Scripps Translational Science Institute, The Scripps Research Institute, La Jolla, CA 92037, USA.
Genome Res. 2010 Apr;20(4):537-45. doi: 10.1101/gr.100040.109. Epub 2010 Feb 11.
Next-generation sequencing technologies have made it possible to sequence targeted regions of the human genome in hundreds of individuals. Deep sequencing represents a powerful approach for the discovery of the complete spectrum of DNA sequence variants in functionally important genomic intervals. Current methods for single nucleotide polymorphism (SNP) detection are designed to detect SNPs from single individual sequence data sets. Here, we describe a novel method SNIP-Seq (single nucleotide polymorphism identification from population sequence data) that leverages sequence data from a population of individuals to detect SNPs and assign genotypes to individuals. To evaluate our method, we utilized sequence data from a 200-kilobase (kb) region on chromosome 9p21 of the human genome. This region was sequenced in 48 individuals (five sequenced in duplicate) using the Illumina GA platform. Using this data set, we demonstrate that our method is highly accurate for detecting variants and can filter out false SNPs that are attributable to sequencing errors. The concordance of sequencing-based genotype assignments between duplicate samples was 98.8%. The 200-kb region was independently sequenced to a high depth of coverage using two sequence pools containing the 48 individuals. Many of the novel SNPs identified by SNIP-Seq from the individual sequencing were validated by the pooled sequencing data and were subsequently confirmed by Sanger sequencing. We estimate that SNIP-Seq achieves a low false-positive rate of approximately 2%, improving upon the higher false-positive rate for existing methods that do not utilize population sequence data. Collectively, these results suggest that analysis of population sequencing data is a powerful approach for the accurate detection of SNPs and the assignment of genotypes to individual samples.
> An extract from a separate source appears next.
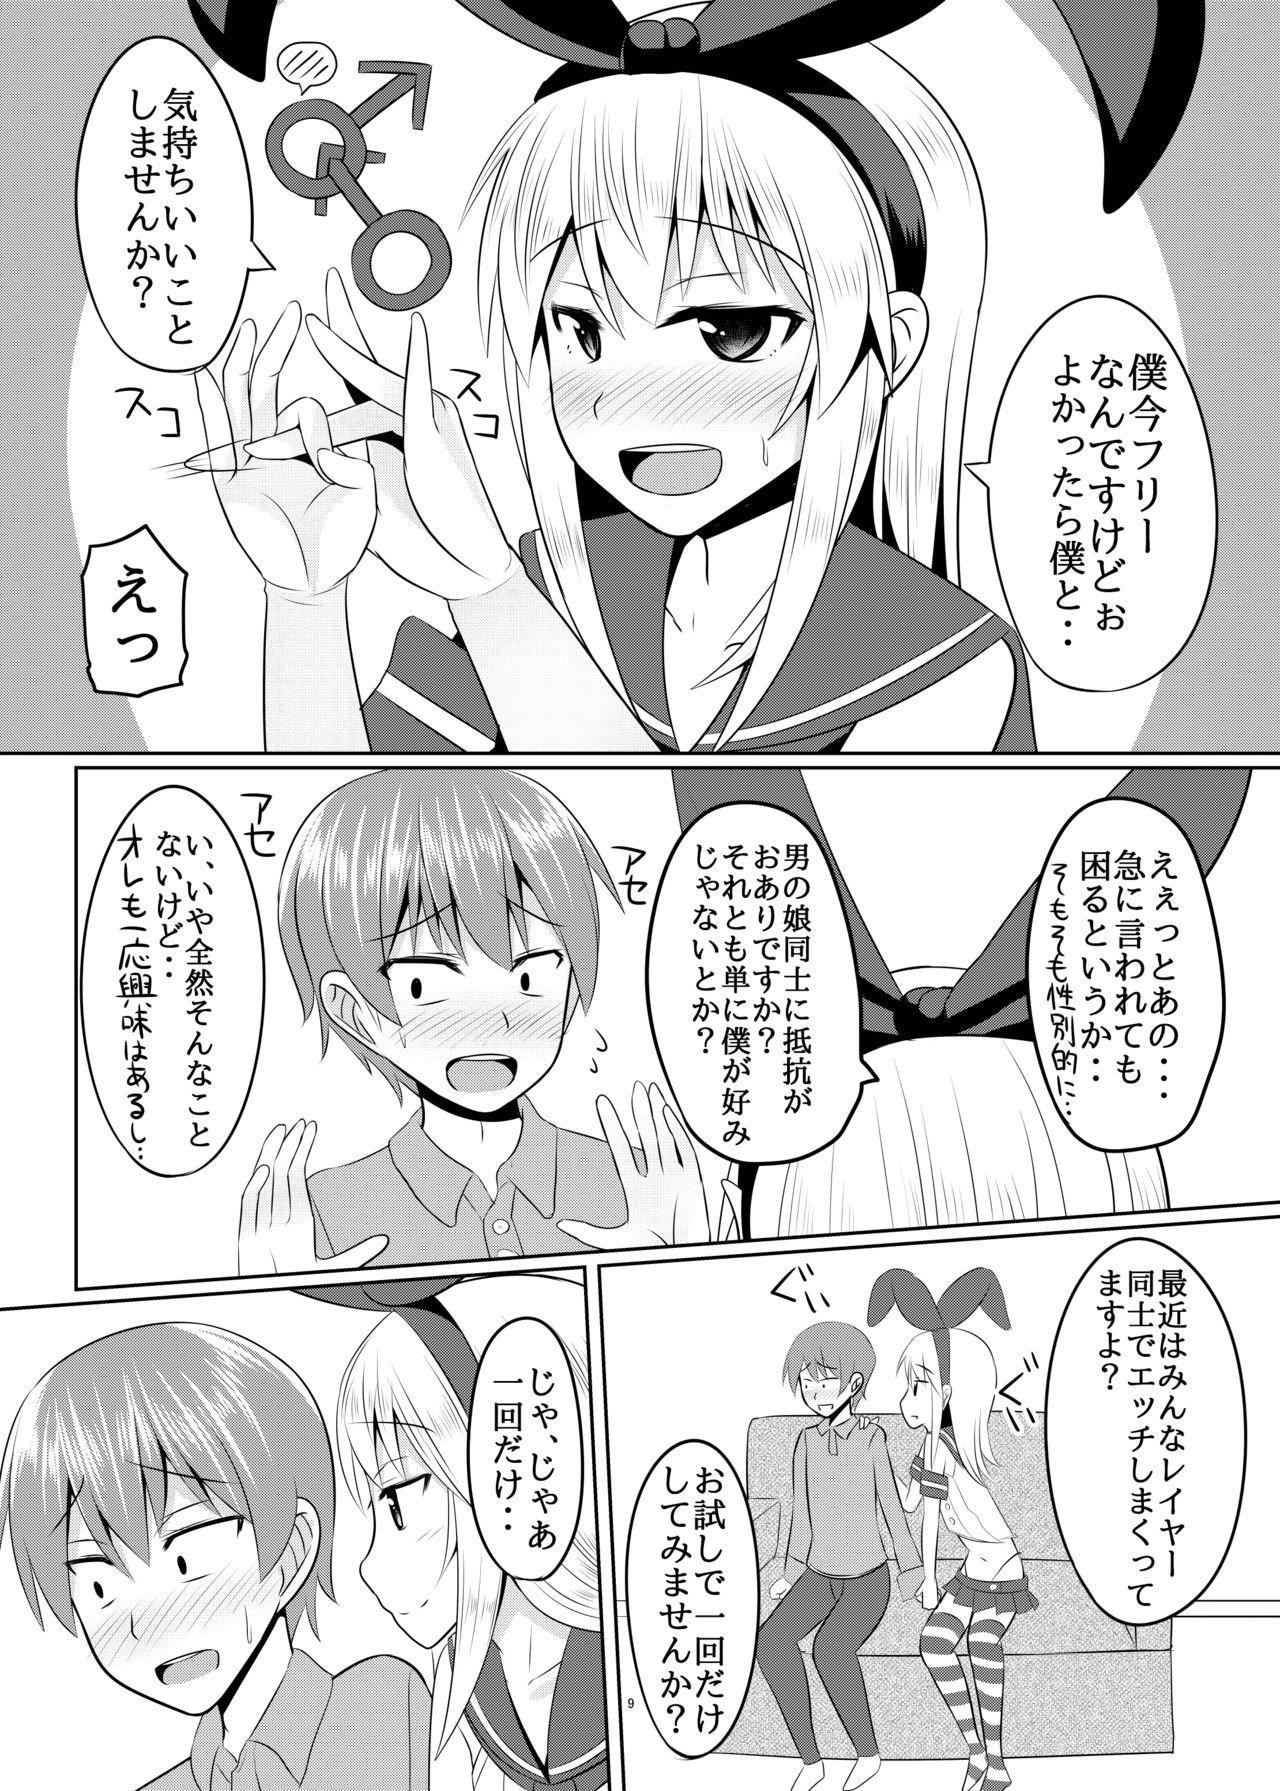 Seiyoku no Sugoi Otokonoko to Tsukiau Koto ni Natta Kekka w 7

下一代测序技术使得对数百个人类基因组的靶向区域进行测序成为可能。深度测序是发现功能重要基因组间隔中完整 DNA 序列变异谱的强大方法。当前用于单核苷酸多态性 (SNP) 检测的方法旨在从单个个体序列数据集检测 SNP。在这里,我们描述了一种新的方法 SNIP-Seq(从群体序列数据中识别单核苷酸多态性),该方法利用来自个体群体的序列数据来检测 SNP 并为个体分配基因型。为了评估我们的方法,我们利用了人类基因组 9p21 染色体上 200 千碱基 (kb) 区域的序列数据。该区域使用 Illumina GA 平台在 48 个人(5 个重复测序)中进行了测序。使用该数据集,我们证明了我们的方法在检测变体方面非常准确,可以过滤掉归因于测序错误的假 SNP。重复样本之间基于测序的基因型分配的一致性为 98.8%。该 200-kb 区域使用包含 48 个人的两个序列池进行了深度测序。从个体测序中通过 SNIP-Seq 识别的许多新 SNP 通过池测序数据得到了验证,并随后通过 Sanger 测序得到了确认。我们估计 SNIP-Seq 的假阳性率约为 2%,低于不利用群体序列数据的现有方法的更高假阳性率。总体而言,这些结果表明,分析群体测序数据是一种准确检测 SNP 和为个体样本分配基因型的强大方法。